So I drilled a new hole in the front, then worked on it to allow the bolt to go through. Then I had to stick my hand in the tiny hole in the back to put the bolt in the back in. That took a while trying to keep the washer on it. After I tightened it up I connected it to my jump battery to see if it would run. It pulled the front of my boat down snug. Now I'm going to get a deep cycle battery to use as the power source


----------



## DuckNut (Apr 3, 2009)

Get rid of that steel cable before you get a 1,000 pokes to your hand and have to go get tetanus shots.


----------



## permitchaser (Aug 26, 2013)

DuckNut said:


> Get rid of that steel cable before you get a 1,000 pokes to your hand and have to go get tetanus shots.


I've planned to wear heavy gloves to guide it if necessary


----------



## Austin Bustamante (May 11, 2015)

DuckNut said:


> Get rid of that steel cable before you get a 1,000 pokes to your hand and have to go get tetanus shots.
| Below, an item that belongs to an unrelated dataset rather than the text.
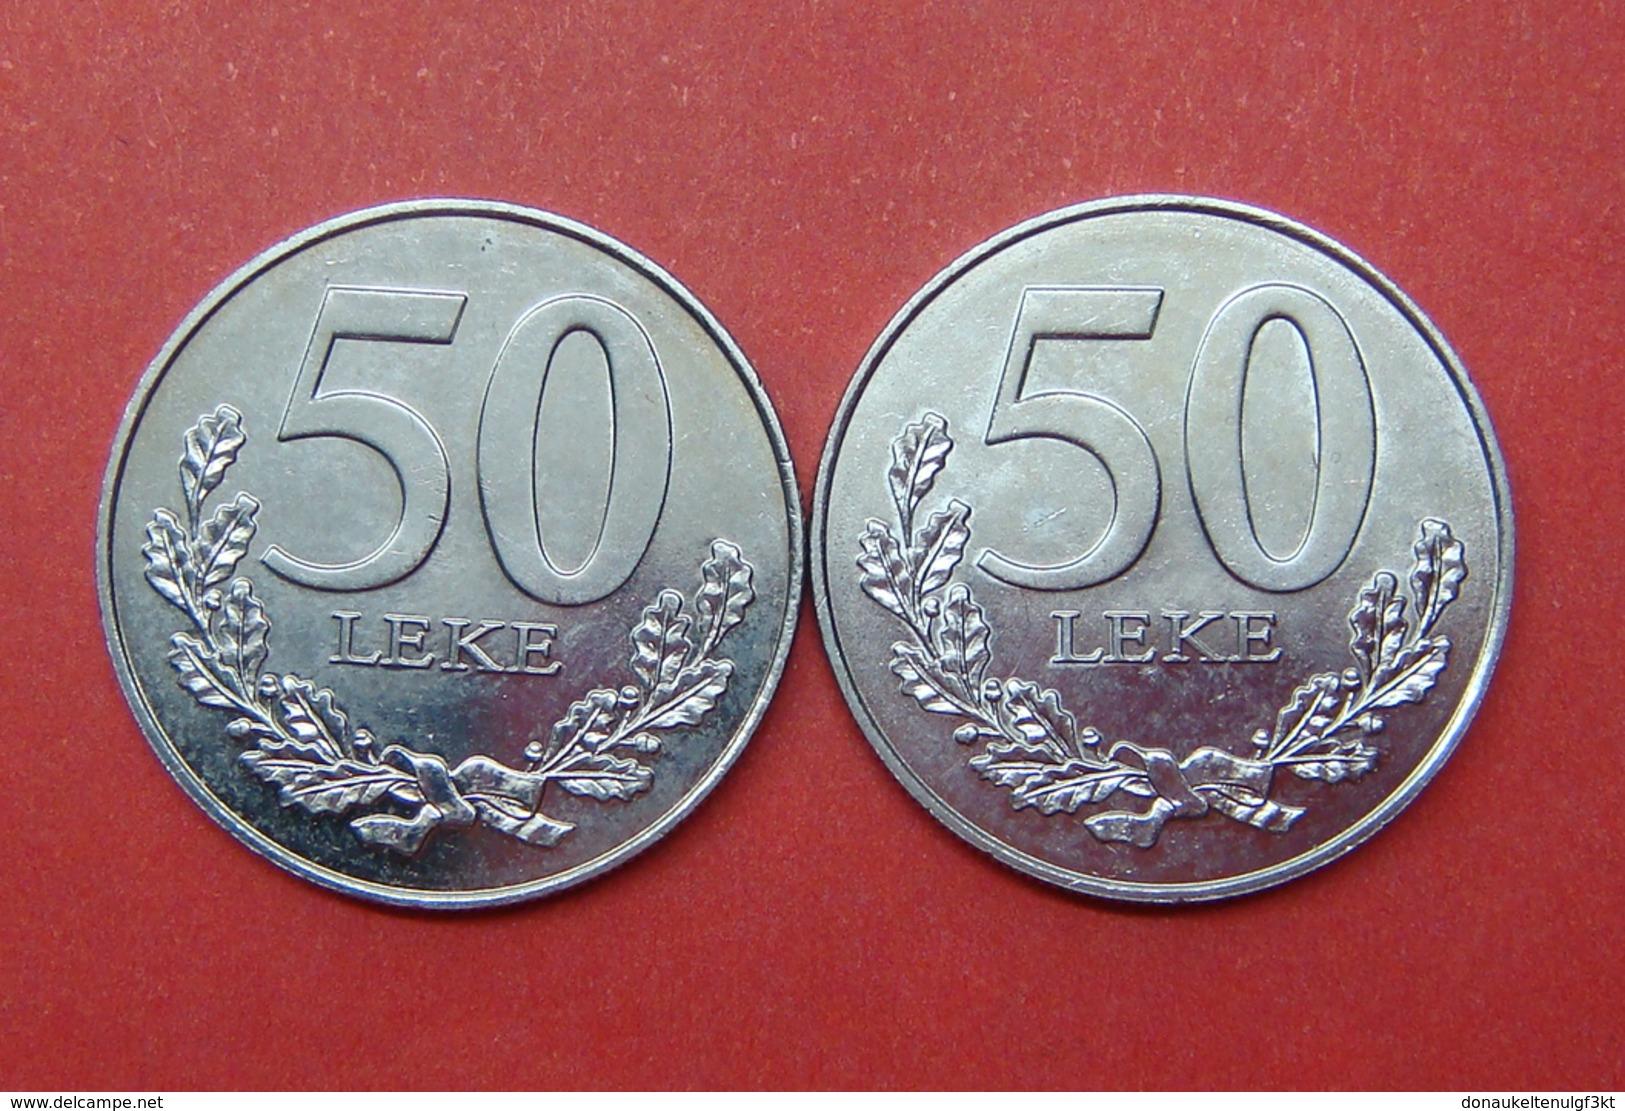 ALBANIA 2 X 50 LEKE 2000, UNC - Albania
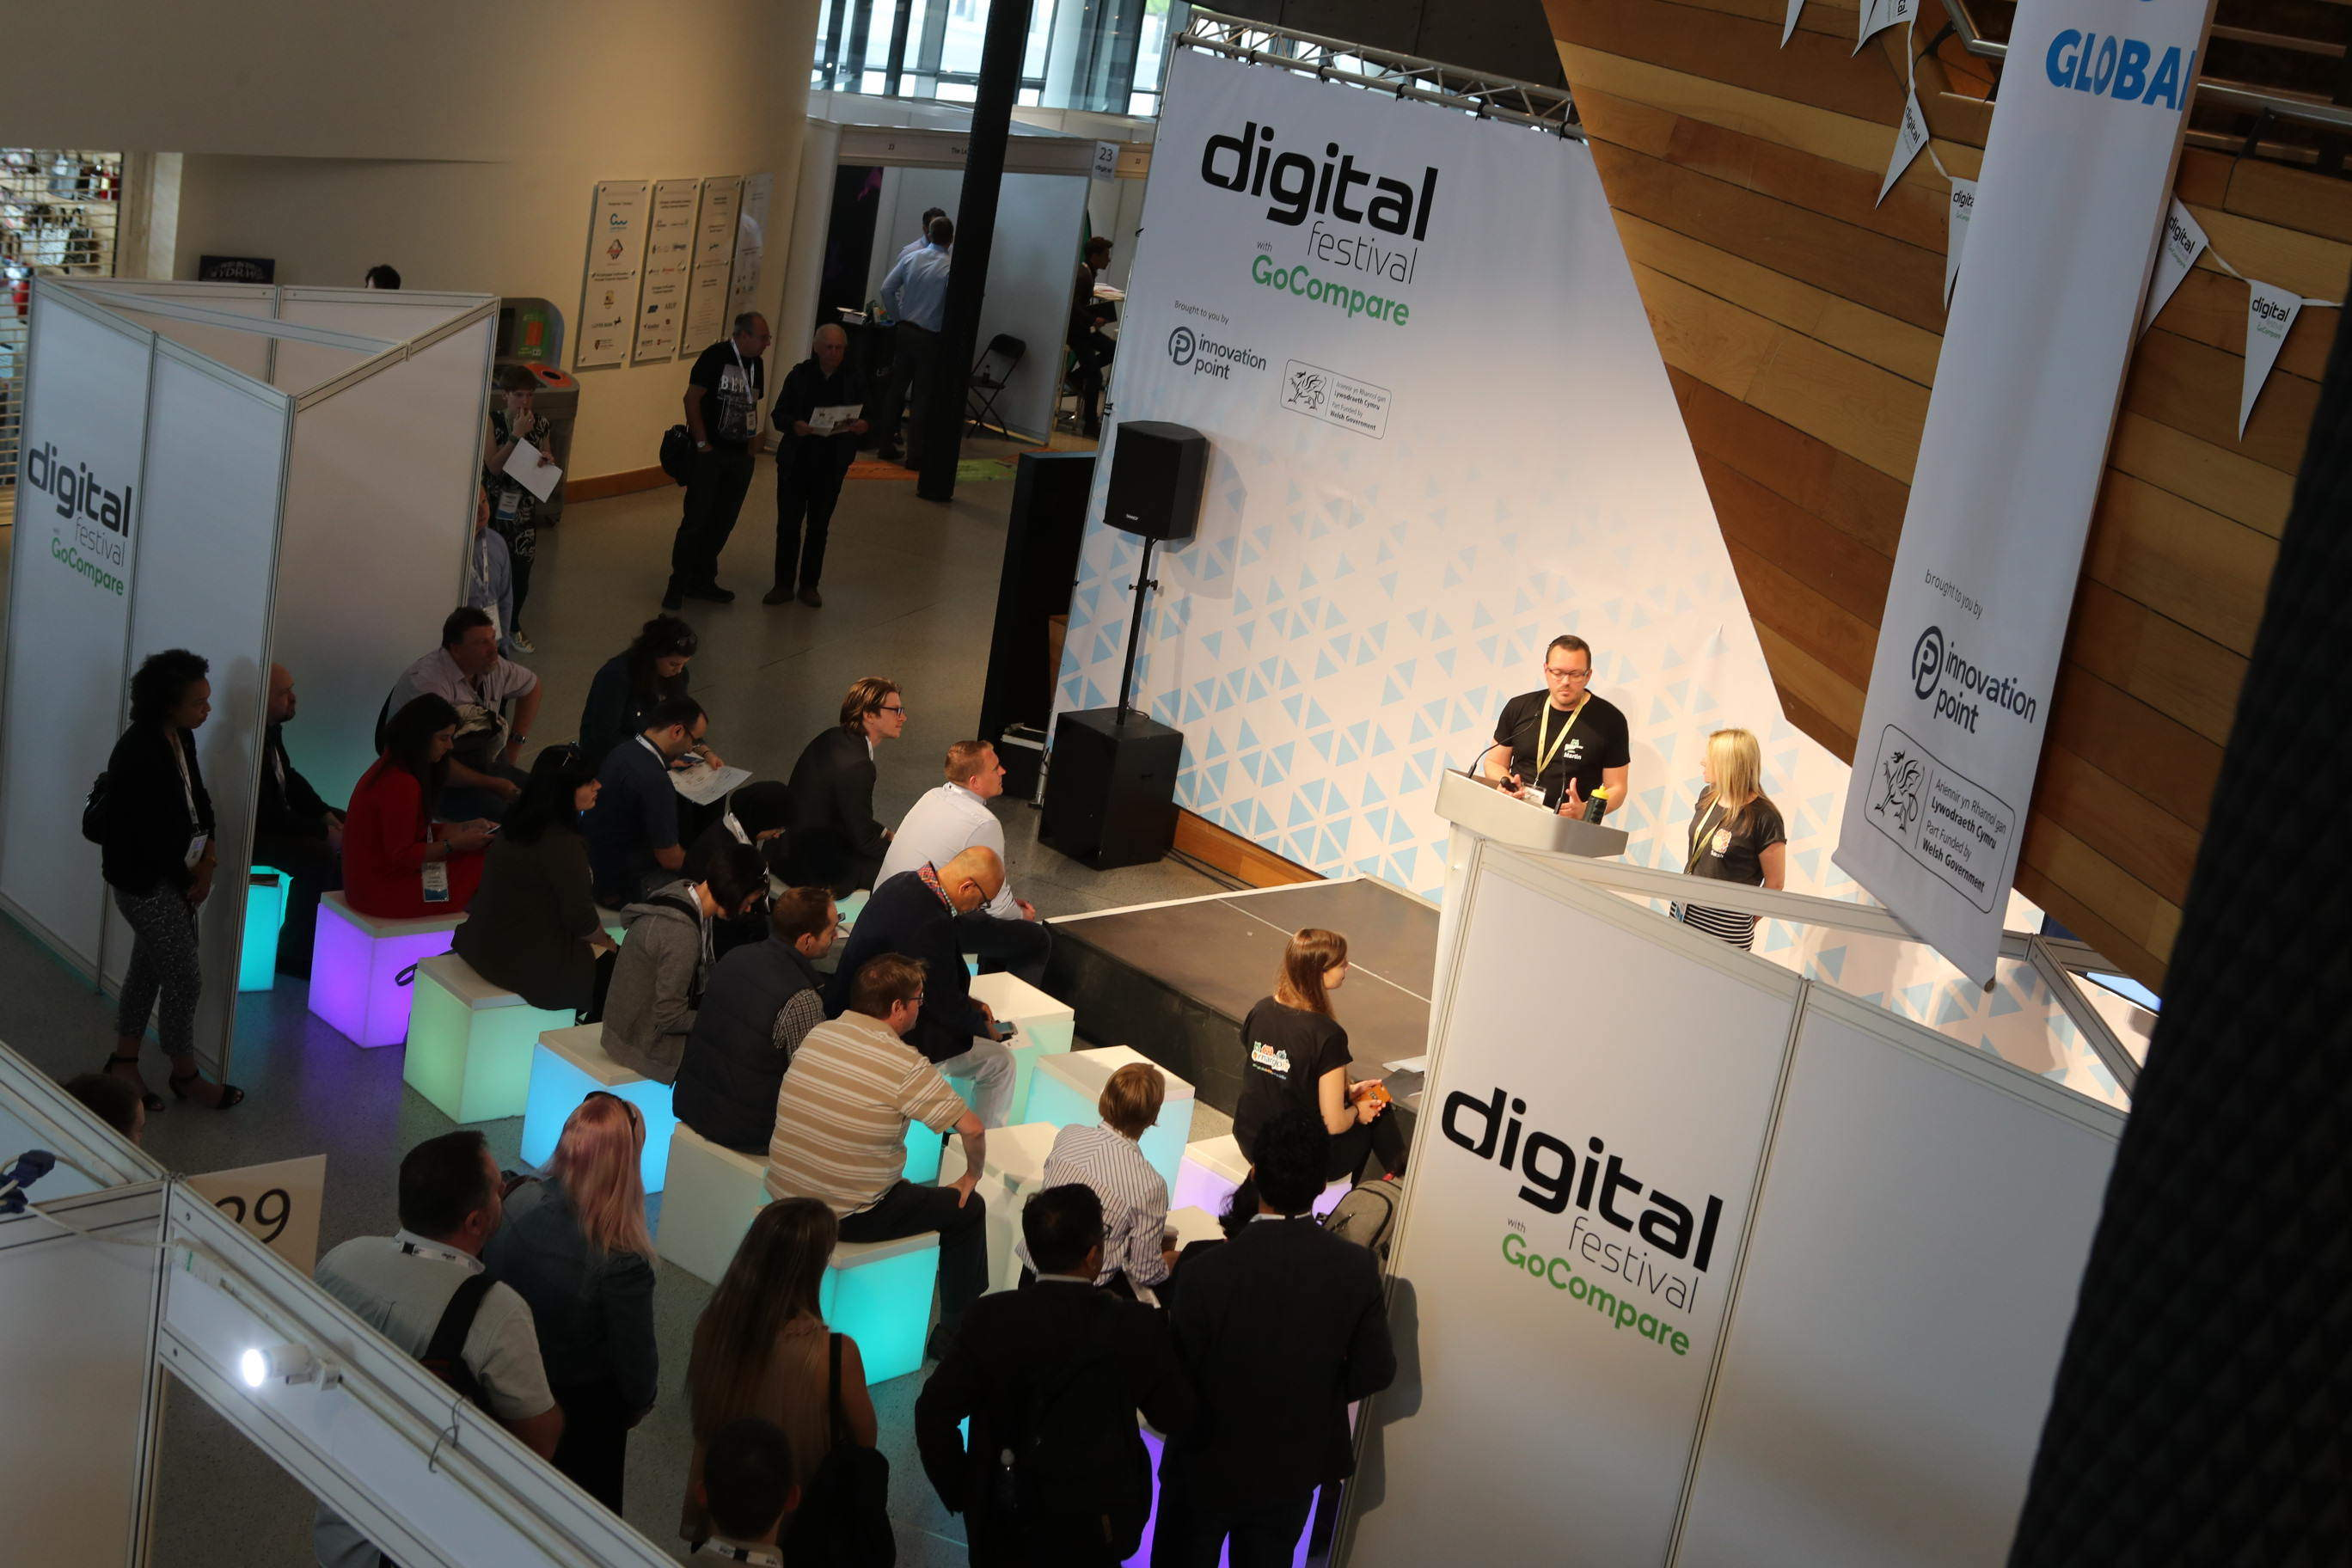 Digital Festival 2018

100% get rid of it. I just replaced my cable with amsteel dyneema 8600# breaking strength. Soft to the touch and easy to splice. After getting poked a few times I wish I would have changed the cable sooner.


----------



## DuckNut (Apr 3, 2009)

permitchaser said:


> I've planned to wear heavy gloves to guide it if necessary


Leather gloves will help guide the wire straight into your hand when trying to guide the wire on the winch spool.

Get rid of it


----------